Stuart Macintyre: Australia's Boldest Experiment: War and Reconstruction in the 1940s.
Australia's Boldest Experiment: War and Reconstruction in the 1940s
(Sydney: NewSouth, 2015)
ISBN 9781742231129 (pbk) $34.00
Post-war Australia was a time of sweeping change in the country. The influx of migrants from warravaged Europe, the expansion of the Commonwealth government, the onset of the Cold War and the birth of the modern welfare state transformed Australia from a predominantly rural population of seven million to ten million in just over a decade. Despite being thought of as a progressive experiment that invented the secret ballot and first elected a labour party to its national government, it was post-war reconstruction that pushed Australia into modernity. Stuart Macintyre's Australia's Boldest Experiment is a monograph that recounts, in vast detail, the people, events and wider historical forces that brought about this remarkable transformation.
Macintyre astutely reminds us, in the first sentence of the book, that on the eve of World War Two Australia was recovering from the Depression. A million people were still out of work. An unwilling participant in a war being waged on continental Europe, imperial loyalties pulled Australia into another conflict. From the outset, Australia's Boldest Experiment recounts the war and its effects on domestic Australia. Brushing aside jingoistic assumptions of ANZAC mythology, Macintyre asserts that Australia's senior politicians and public servants defined a new post-war settlement reconciling political and economic instabilities of the recent past. John Curtin, Ben Chifley, John Dedman and H.V. 'Doc' Evatt are some of the key players in the book. These senior figures in the Australian Labor Party toiled to oversee reform. Curtin died in office and Chifley's health deteriorated significantly after taking over from Curtin. As Macintyre takes pains to remind the reader, the task of both winning the war and rebuilding after was a mammoth one. Australia's peace was one that was carefully planned by the Commonwealth government.
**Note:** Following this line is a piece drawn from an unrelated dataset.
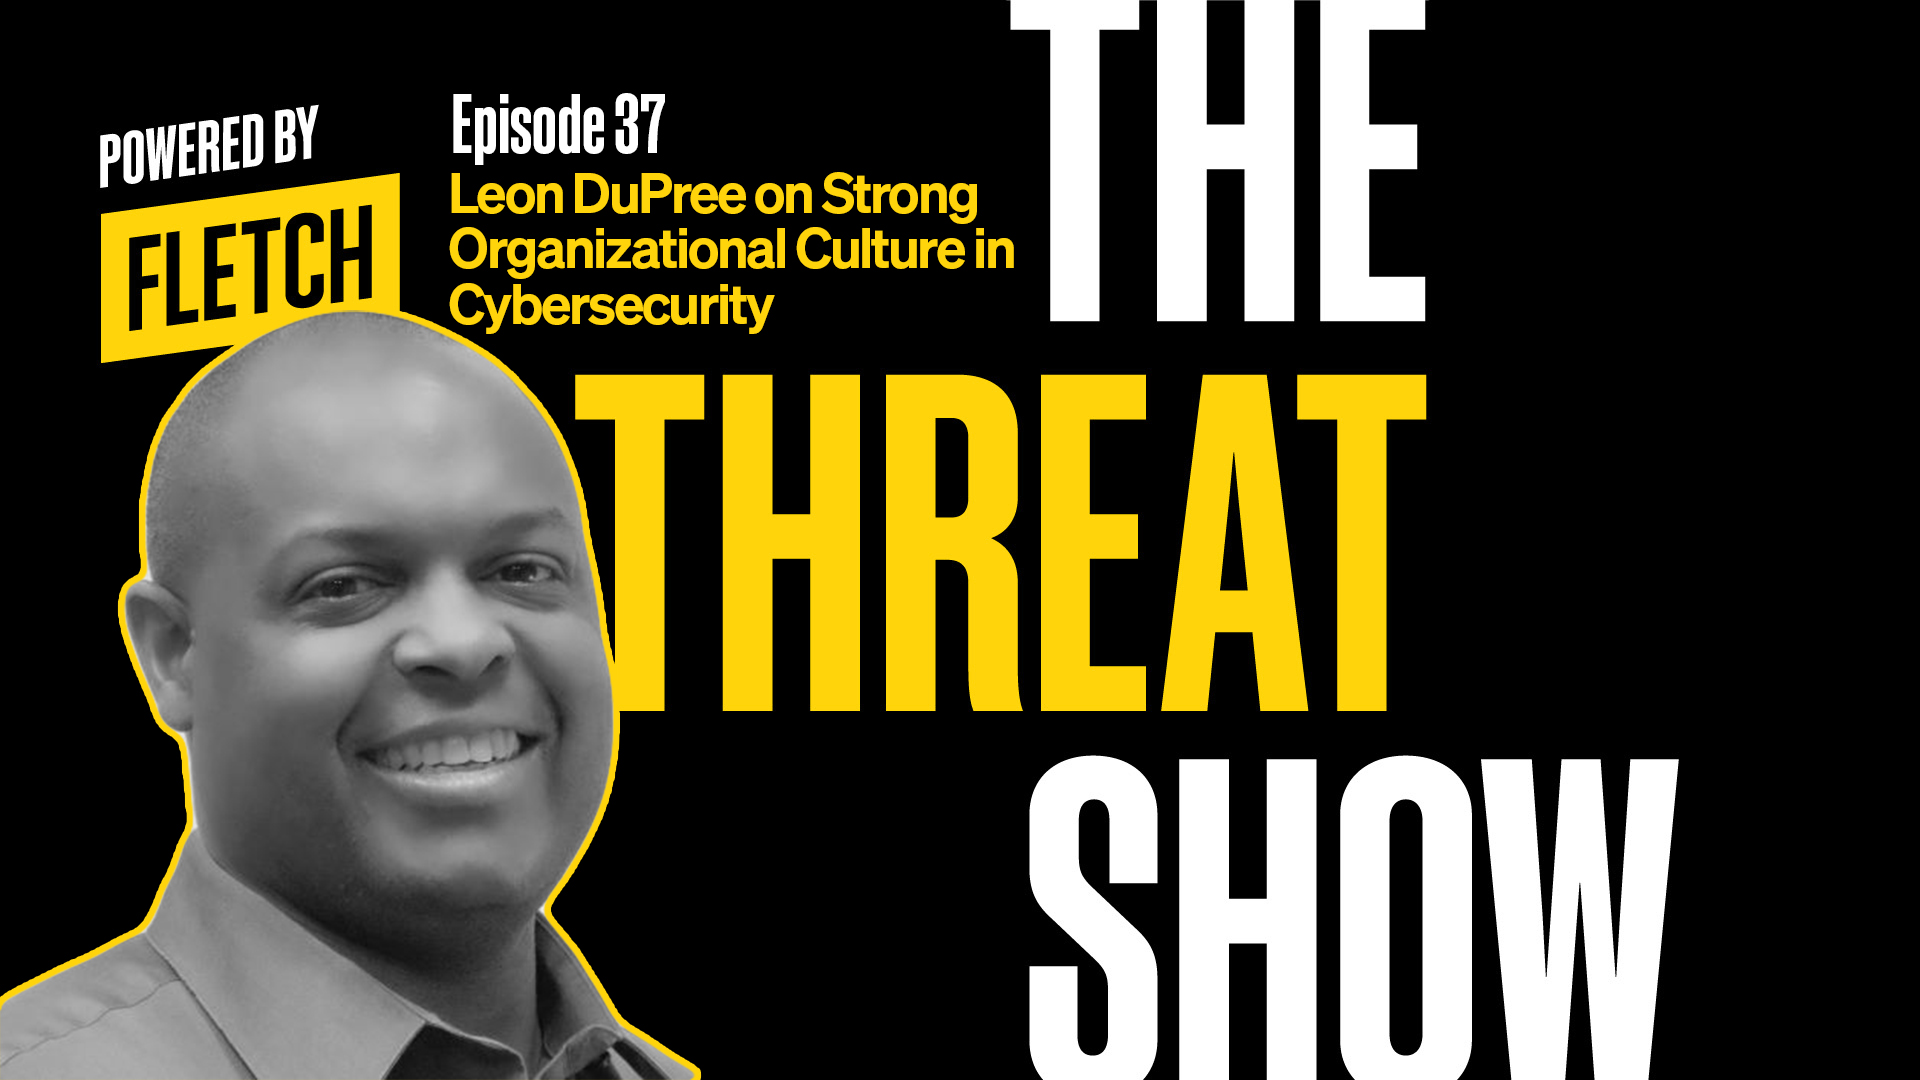 The Threat Show Ep. 37 w/ Leon DuPree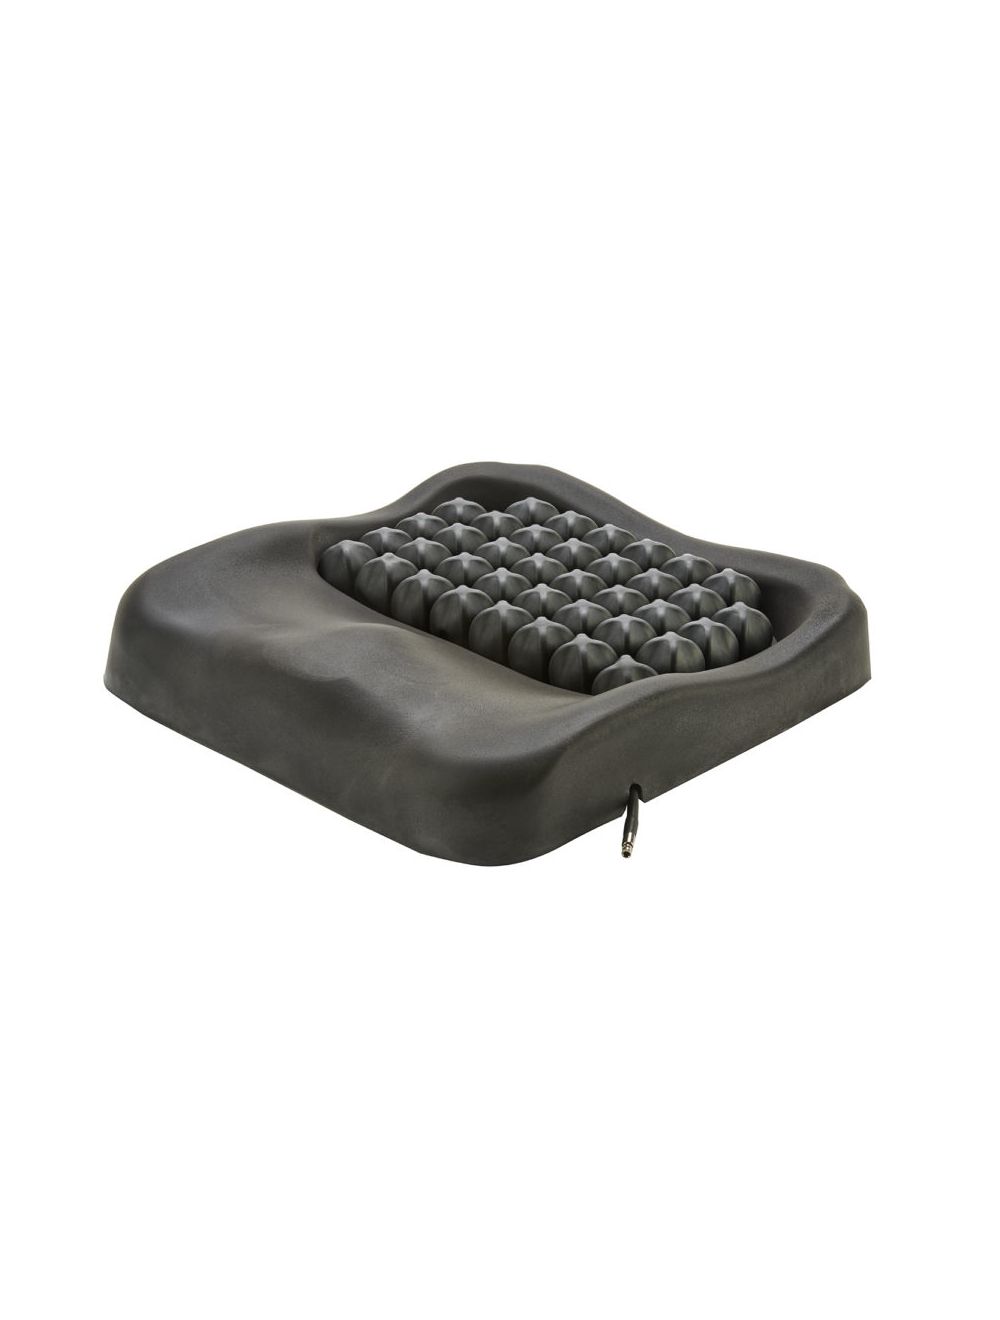 ROHO Shower/Commode Cushion

Aside from this 'Labor's greatest hits' list, Macintyre also pays close attention to less known figures, key public servants who planned for reconstruction. H.C. 'Nugget' Coombs, the Director-General of the Department of Post-War Reconstruction features prominently in Australia's Boldest Experiment. Macintyre portrays Coombs as Chifley's expert-in-chief who was central in framing Labor's new Australia. Though Coombs was non-partisan, Macintyre takes great pleasure in letting us know that the rapport between him and Chifley was important in implementing Labor's reforms. Macintyre's fixation on such public servants is central to the narrative. Their machinations, personal idiosyncrasies and long gruelling hours imply a different kind of wartime sacrifice.
The key theme in the book is the idea of planning. Government planning, a notion frowned upon by contemporary politicians as an arcane mechanism of social engineering, takes centre stage in post-war Australia. Macintyre tirelessly details the machinations of politicians and public servants and their trials and tribulations in planning for a new 'golden era' of economic security. The government, through public works, an expanded education system and-most importantly--full employment, envisioned a society with egalitarian ambitions. Macintyre reminds us that, if led well, there is a place for big government in solving social and economic grievances. In this vein, Keynesian economics is rightly given precedence as the philosophy that mended the boom-bust cycles of capitalism. The country, having been shaken by both Depression and war, was now promised a new golden age of prosperity.
As the title of the book suggests, the 'experiment' of post-war reconstruction lay in the application of such large scale planning to all areas of national life. Macintyre argues at length that while bold in its objectives, not all ambitions could be met. Frustrated by conservative state governments and further straightjacketed by constitutional restraints, the dollar crisis and finally union militancy, the government's energy and vigour were spent by the time Labor lost office. Macintyre rightfully asserts that these misfortunes meant that Australia's boldest experiment could have been bolder. Despite winning the 1946 election, by 1949 the Labor Party was consigned to a quarter-century of electoral oblivion.
The new Liberal government cut short many of Labor's reforms. Menzies kept Labor's Keynesian economic structures and successfully guided the country through the golden age that Labor had been promising. Macintyre dispels the myth that Menzies was the architect of Australia's long boom but gives credit for his wisdom in maintaining Keynesian economic controls. There is a firm sense that Macintyre is reminding us that state regulation was both successful and adopted in a fairly bipartisan manner.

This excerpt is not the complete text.